[The data Boundary: Start]
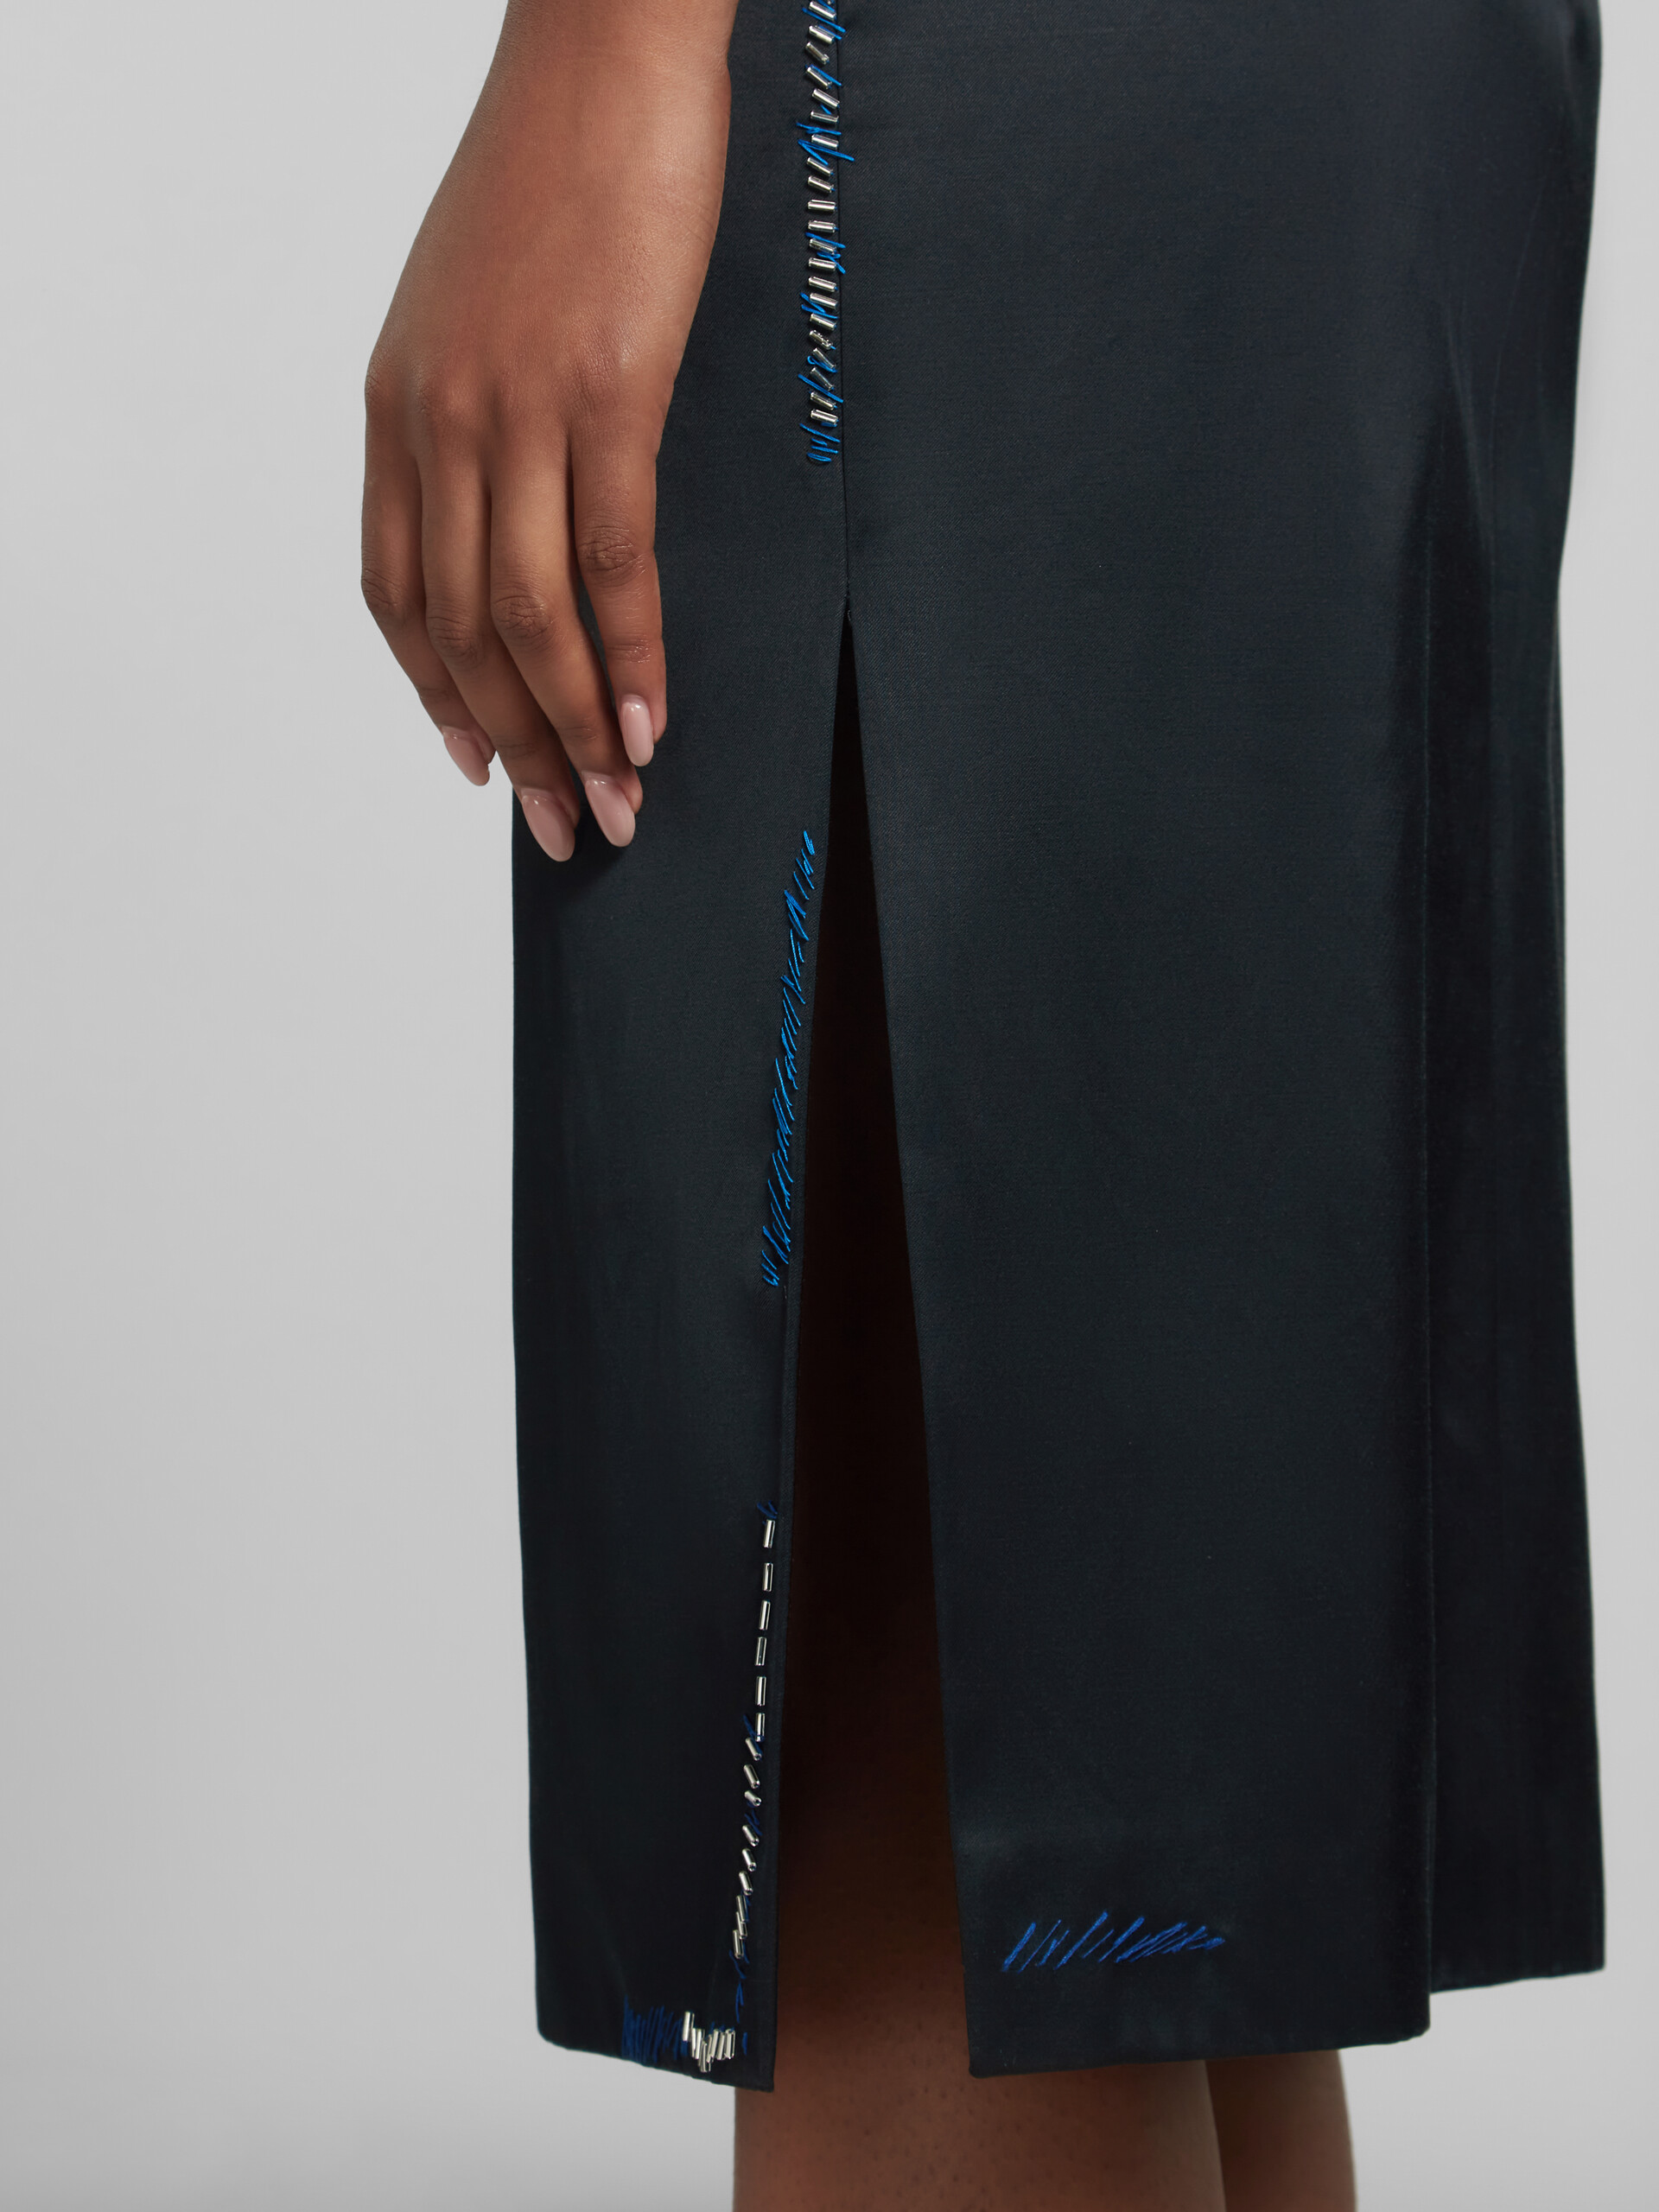 Robe fourreau en satin duchesse noir avec effet raccommodé en perles - Robes - Image 5
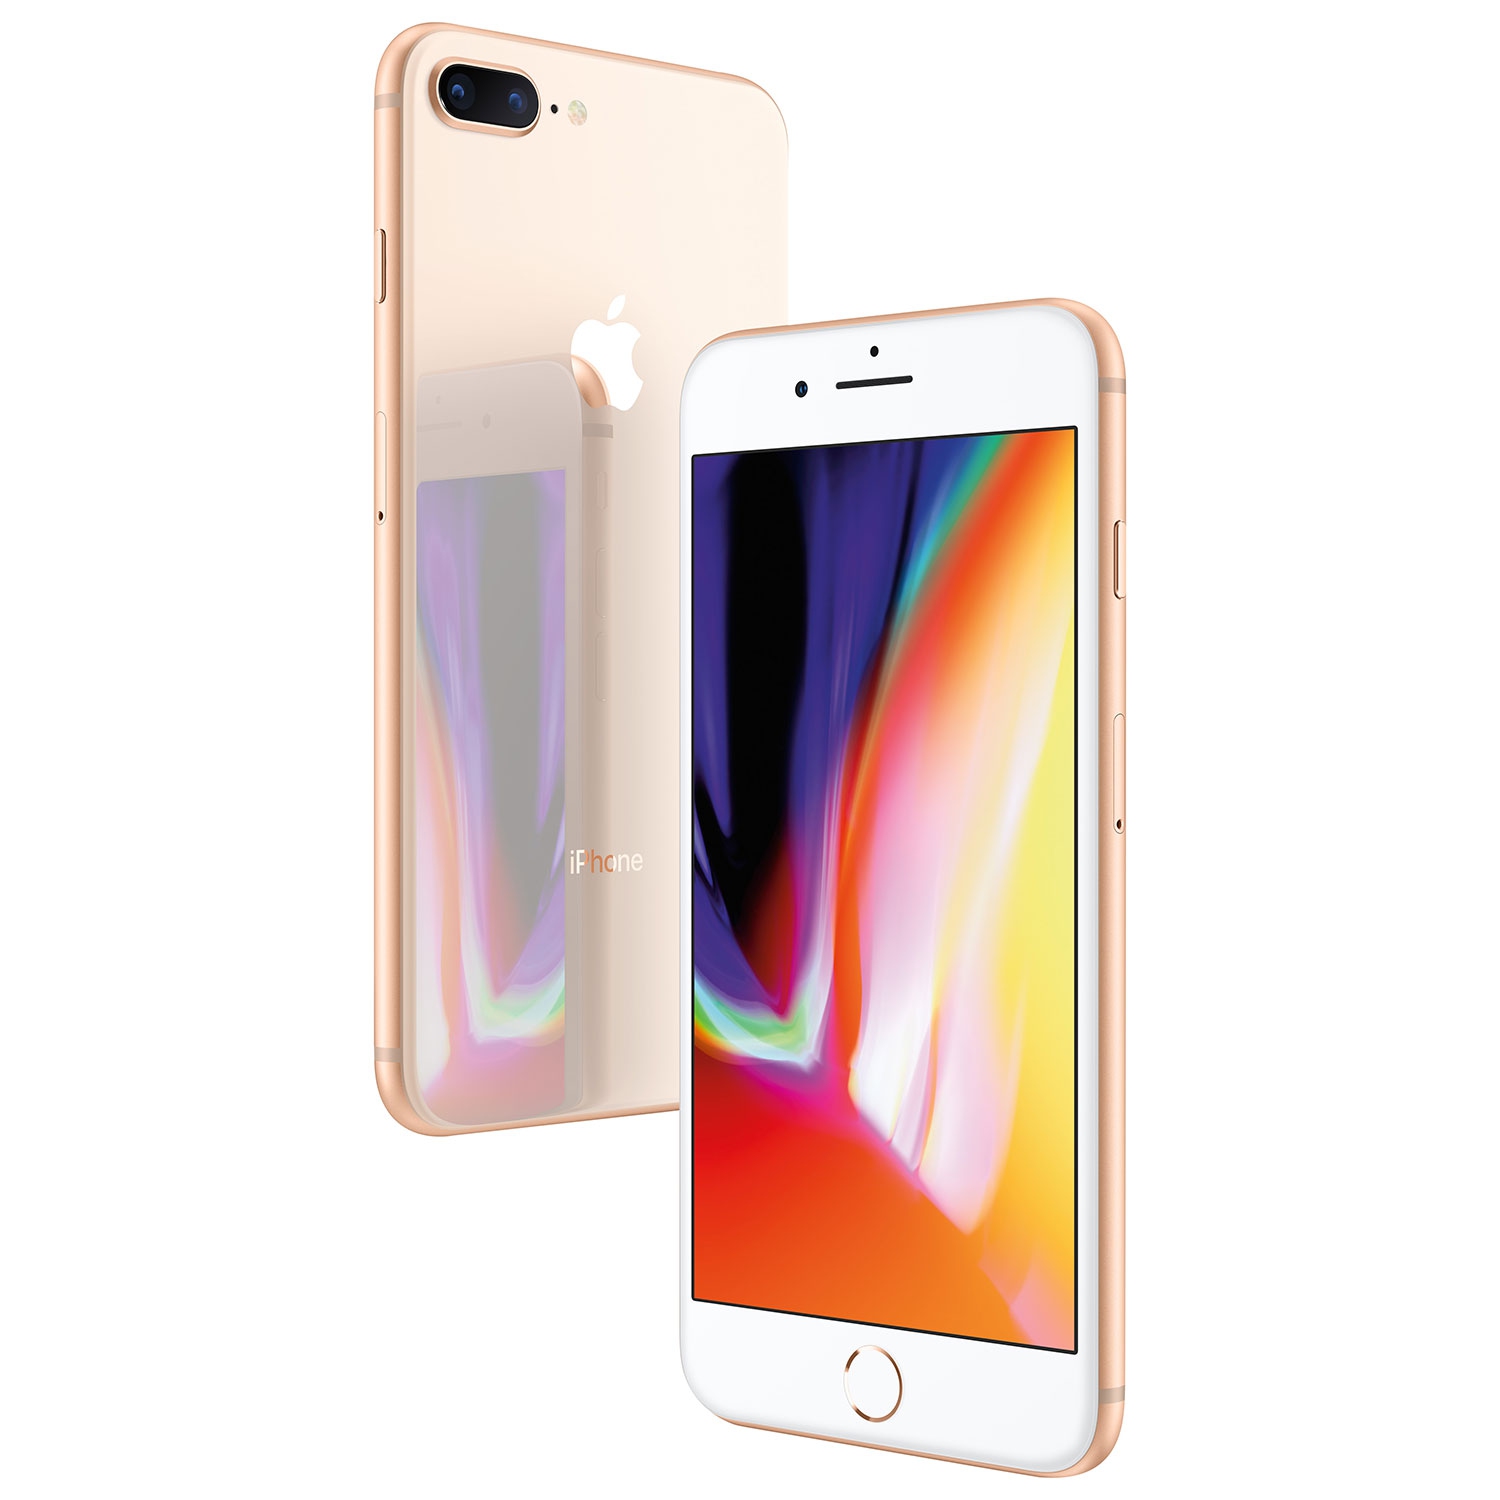 Refurbished (Excellent) - Apple iPhone 8 Plus 64GB Smartphone - Gold - Unlocked - Certified Refurbished
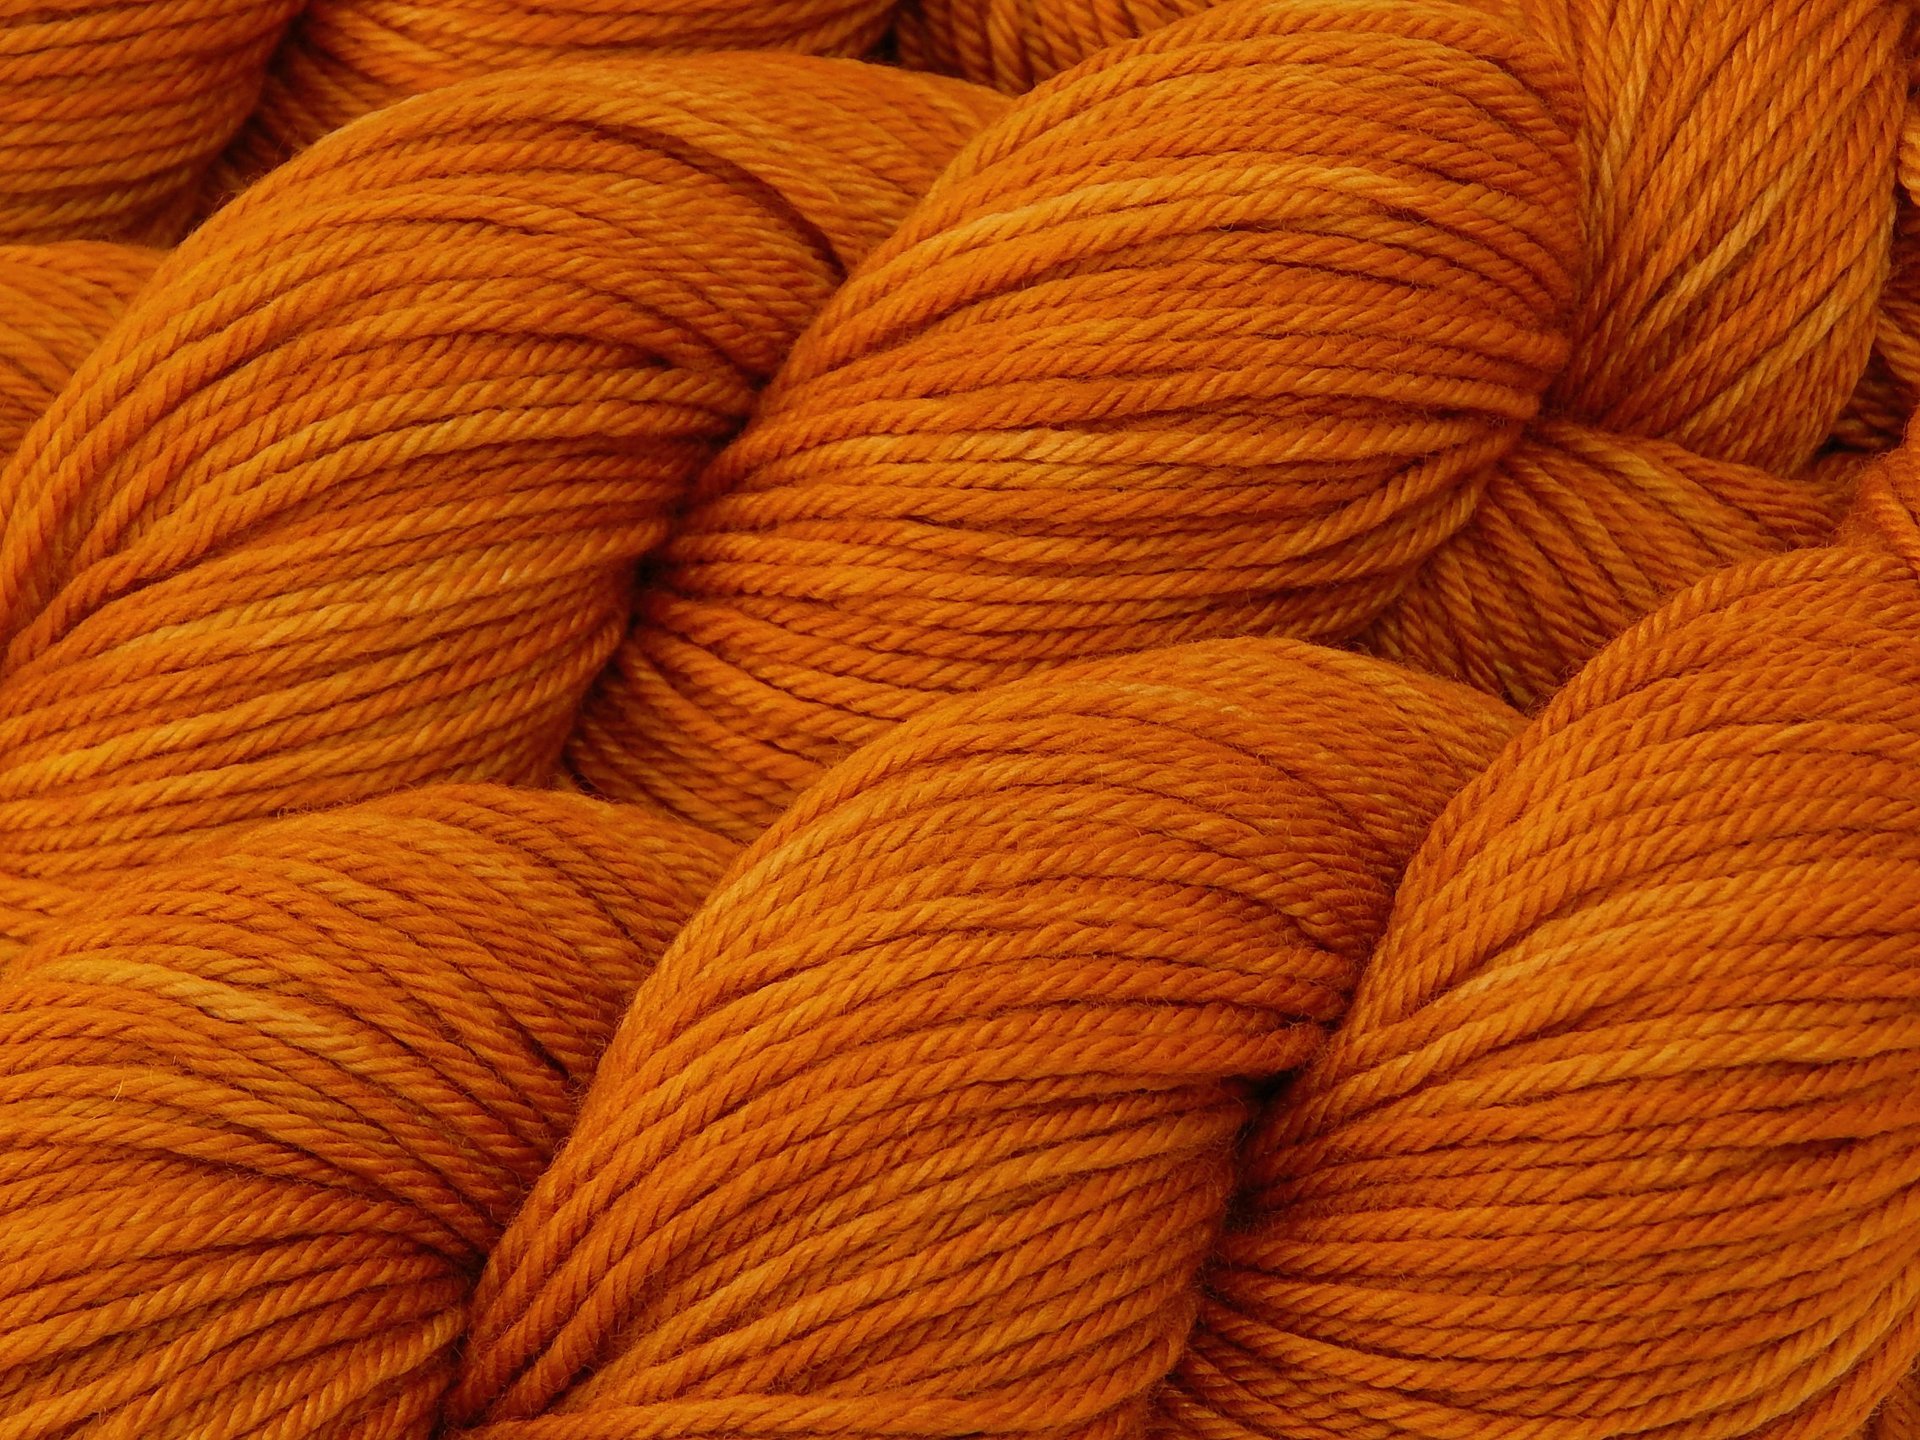 Worsted Weight Hand Dyed Yarn, Superwash 100% Merino Wool - Copper - Indie Dyed Semi Solid Orange Knitting Yarn, Fall Autumn Craft Supply
[The data Boundary: End]
Work required:
No pictures should appear in the copy; write out exactly the lines from the one containing "Refurbished (Excellent) - Apple" through the end of the material.

Reply:
 Refurbished (Excellent) - Apple iPhone 8 Plus 64GB Smartphone - Gold - Unlocked - Certified Refurbished
 Worsted Weight Hand Dyed Yarn, Superwash 100% Merino Wool - Copper - Indie Dyed Semi Solid Orange Knitting Yarn, Fall Autumn Craft Supply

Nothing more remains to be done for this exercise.